Token Sampling with Temperature

In an LLM, logits are computed for every token in the vocabulary (50,000+ tokens). Softmax converts these to probabilities, then sampling picks the next token:

Python

import numpy as np

def sample_next_token(
    logits: np.ndarray,   # (vocab_size,) raw scores
    temperature: float = 1.0,
    top_k: int | None = None,
    top_p: float | None = None,
) -> int:
    """Sample next token from logits with optional top-k/top-p filtering."""

    # Temperature scaling
    scaled_logits = logits / max(temperature, 1e-8)

    # Top-k filtering: keep only top k logits
    if top_k is not None and top_k > 0:
        top_k_threshold = np.sort(scaled_logits)[-top_k]
        scaled_logits = np.where(scaled_logits >= top_k_threshold, scaled_logits, -np.inf)

    # Softmax to probabilities
    probs = softmax_np(scaled_logits)

    # Top-p (nucleus) filtering: keep tokens covering top p probability mass
    if top_p is not None and 0 < top_p < 1.0:
        sorted_probs = np.sort(probs)[::-1]
        cumulative = np.cumsum(sorted_probs)
        cutoff_idx = np.searchsorted(cumulative, top_p) + 1
        cutoff_prob = sorted_probs[cutoff_idx - 1]
        probs = np.where(probs >= cutoff_prob, probs, 0.0)
        probs /= probs.sum()  # Renormalize

    # Sample
    return int(np.random.choice(len(probs), p=probs))

# Simulate vocabulary sampling
vocab_size = 50257  # GPT-2 vocab
np.random.seed(42)

# Simulate logits — a few tokens have high scores
logits = np.random.randn(vocab_size) * 2
top_token = np.argmax(logits)
logits[top_token] += 5  # Make one token clearly preferred

# Greedy (temperature near 0)
greedy_token = sample_next_token(logits, temperature=0.01)
print(f"Greedy: token {greedy_token}")  # Always picks top_token

# Sampling with temperature
for _ in range(5):
    token = sample_next_token(logits, temperature=0.7, top_k=50)
    print(f"Sampled: token {token}")

Log-Softmax for Training

During training, models use log-softmax + NLLLoss for numerical stability:

Python

def log_softmax(logits: np.ndarray) -> np.ndarray:
    """Compute log(softmax(x)) with better numerical stability."""
    shifted = logits - np.max(logits)
    return shifted - np.log(np.sum(np.exp(shifted)))

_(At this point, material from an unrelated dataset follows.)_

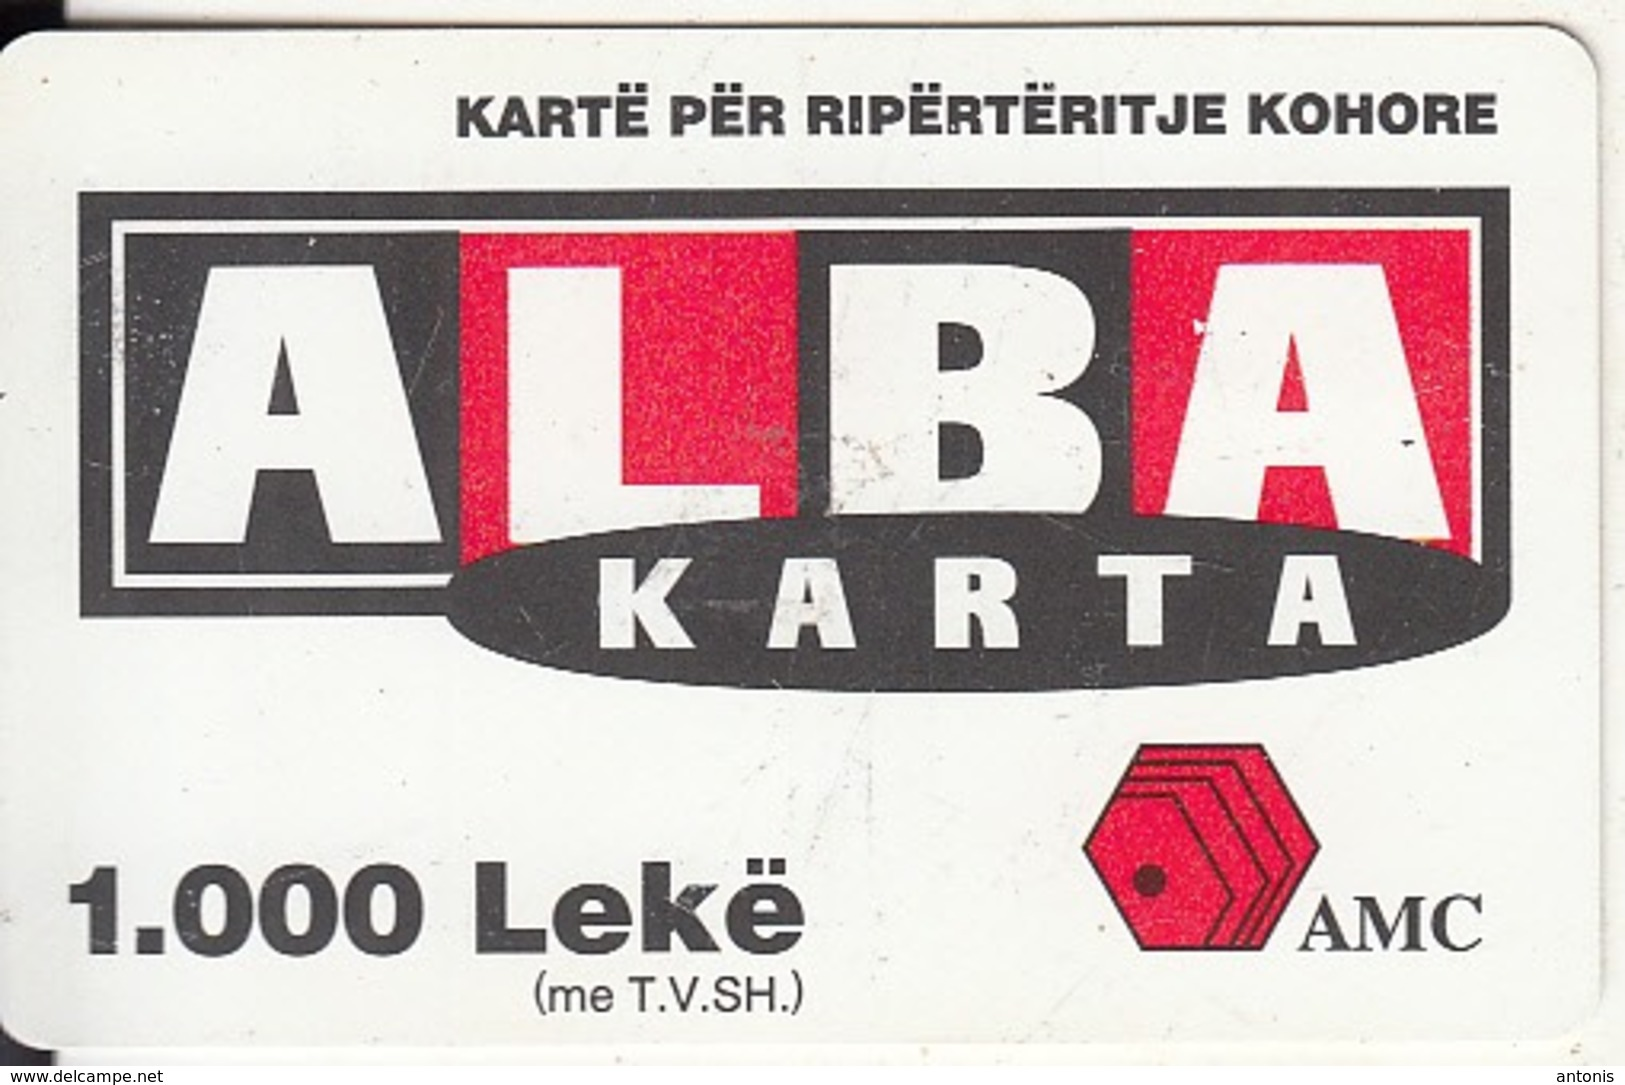 ALBANIA - ALBA Karta, AMC Prepaid Card 1000 Leke, Exp.date 22/04/04, Used - Albanie

# Cross-entropy loss = negative log probability of correct token
def cross_entropy_loss(logits: np.ndarray, target_idx: int) -> float:
    log_probs = log_softmax(logits)
    return -log_probs[target_idx]  # Negative log likelihood

Log-softmax avoids computing exp then log — it's more numerically stable and cheaper for training.

Interview Questions

Q: Why subtract max before softmax?

exp(x - max) can never overflow because x - max ≤ 0, so exp(x - max) ≤ 1. The denominator is at least 1 (the max term contributes exp(0) = 1). This is mathematically equivalent to the original but numerically safe.

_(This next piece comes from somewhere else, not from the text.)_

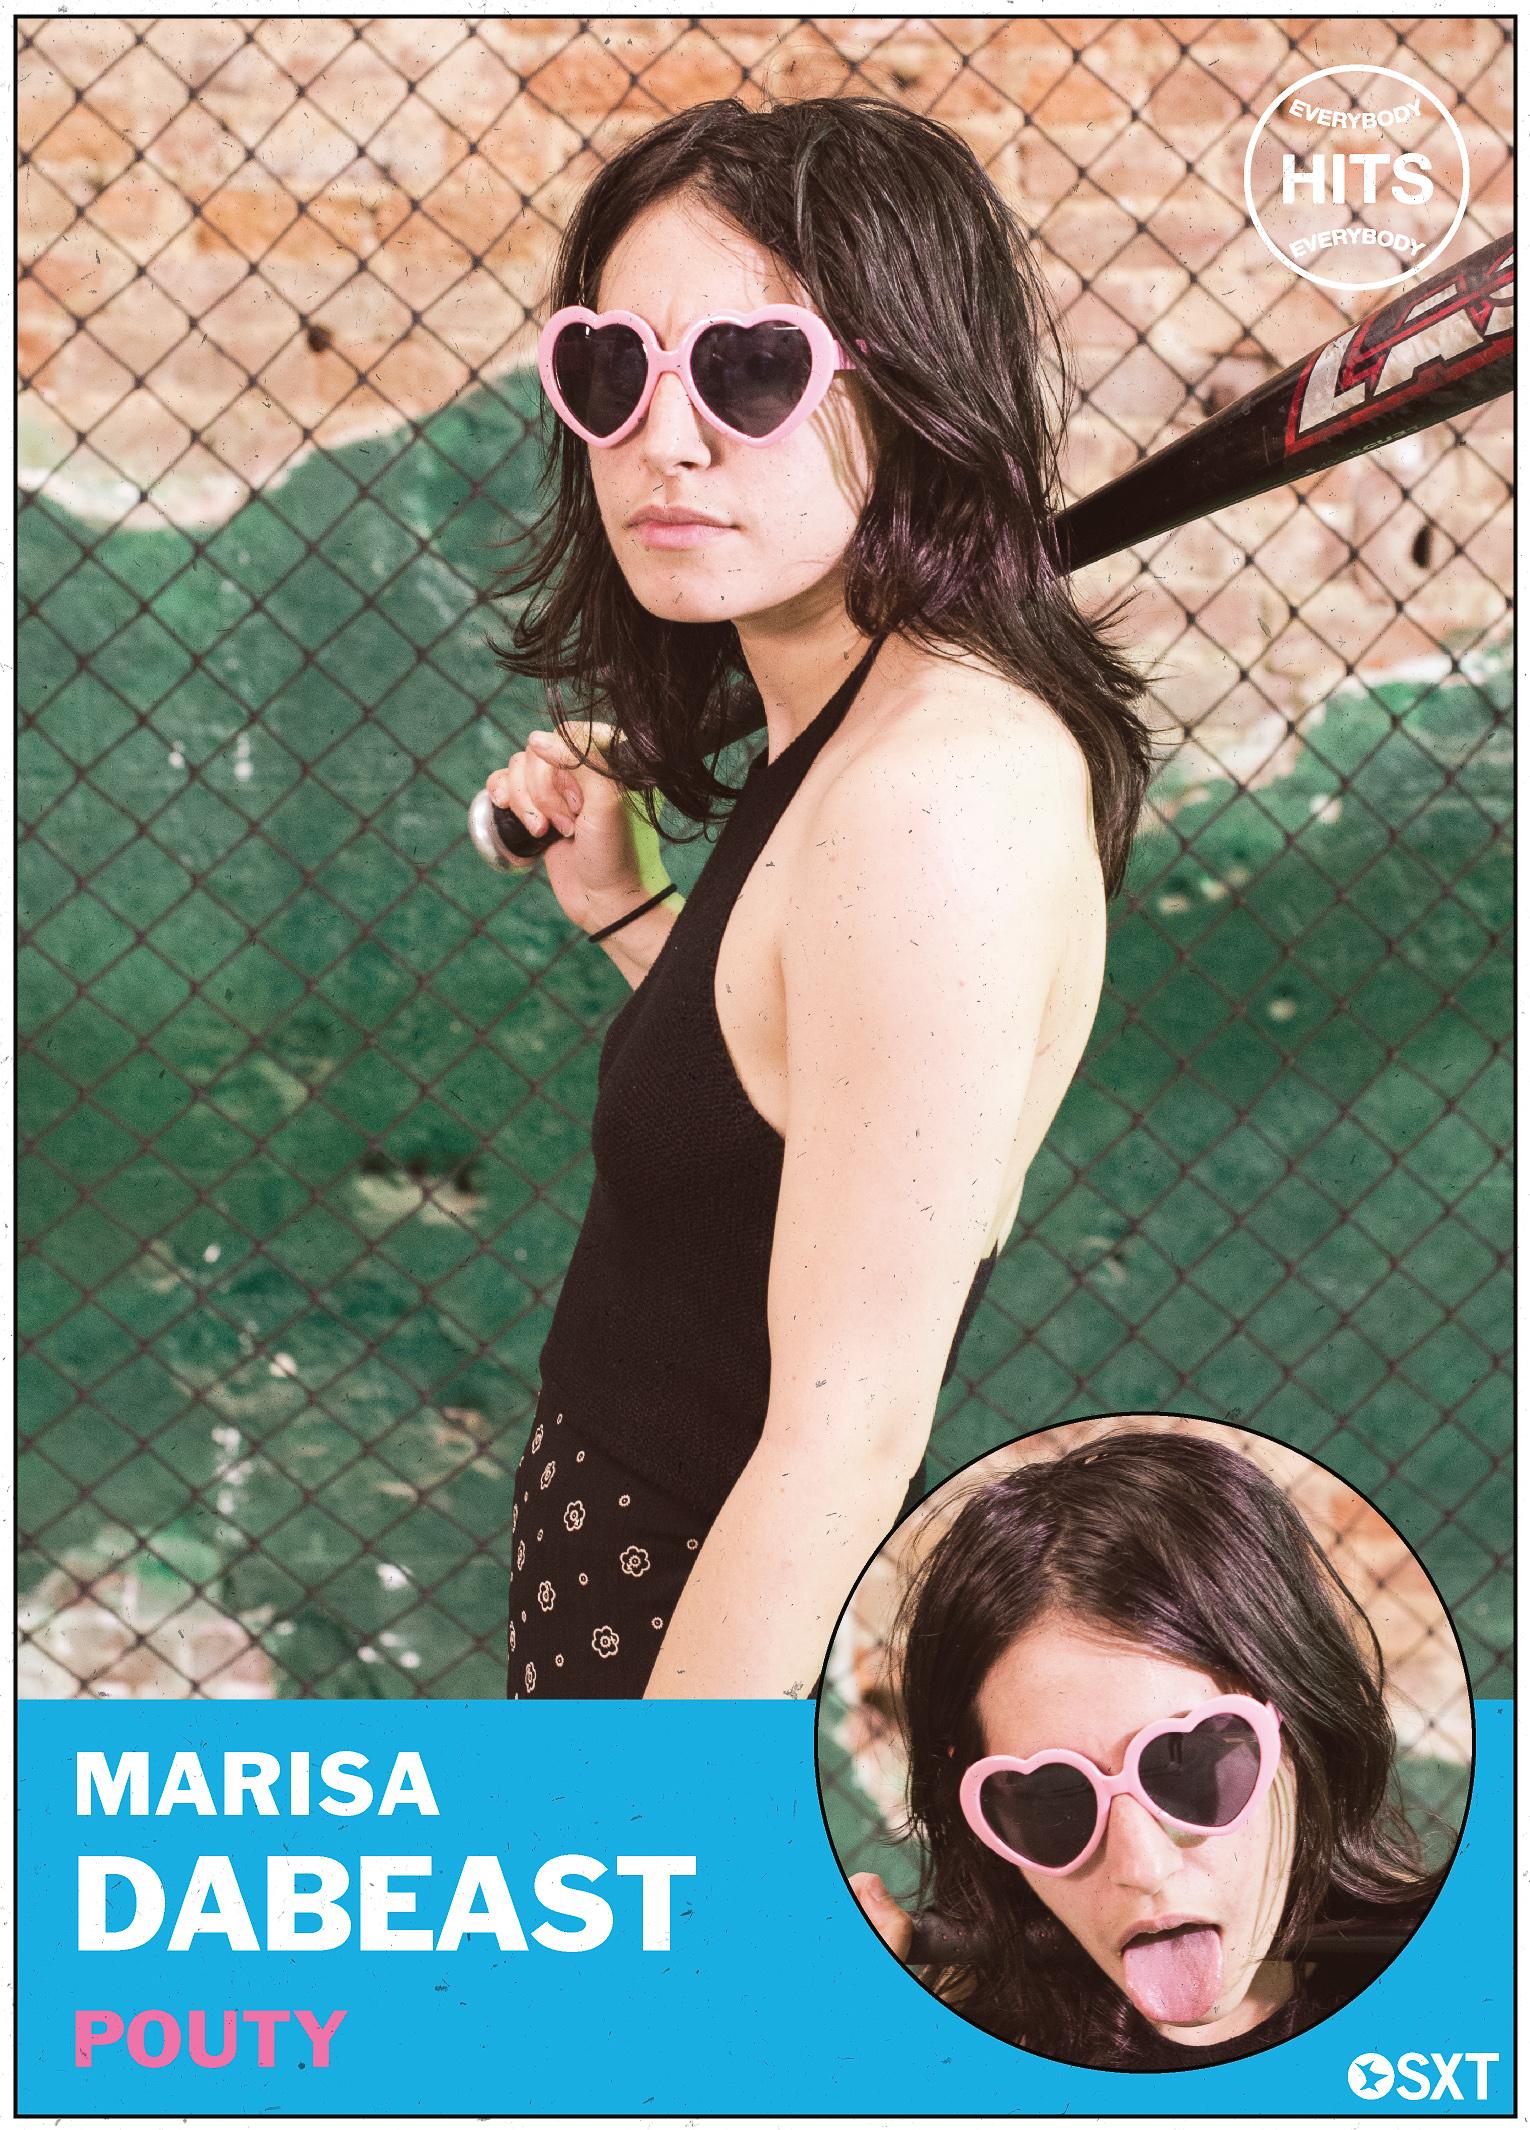 Marisa DeBeast of Pouty

Q: What does temperature 0 mean in practice?

Temperature 0 makes the distribution infinitely sharp — all probability mass concentrates on the highest-logit token. Division by 0 is avoided in practice by using a very small epsilon (0.001). This is equivalent to greedy decoding.

Q: Why is top-p (nucleus sampling) often preferred over top-k?

Top-k always keeps exactly k tokens regardless of how confident the model is. If the model is very confident (one token has 99% probability), top-k=50 still samples from 50 tokens, introducing noise. Top-p adapts to the distribution — when the model is confident, it samples from fewer tokens; when uncertain, it samples from more.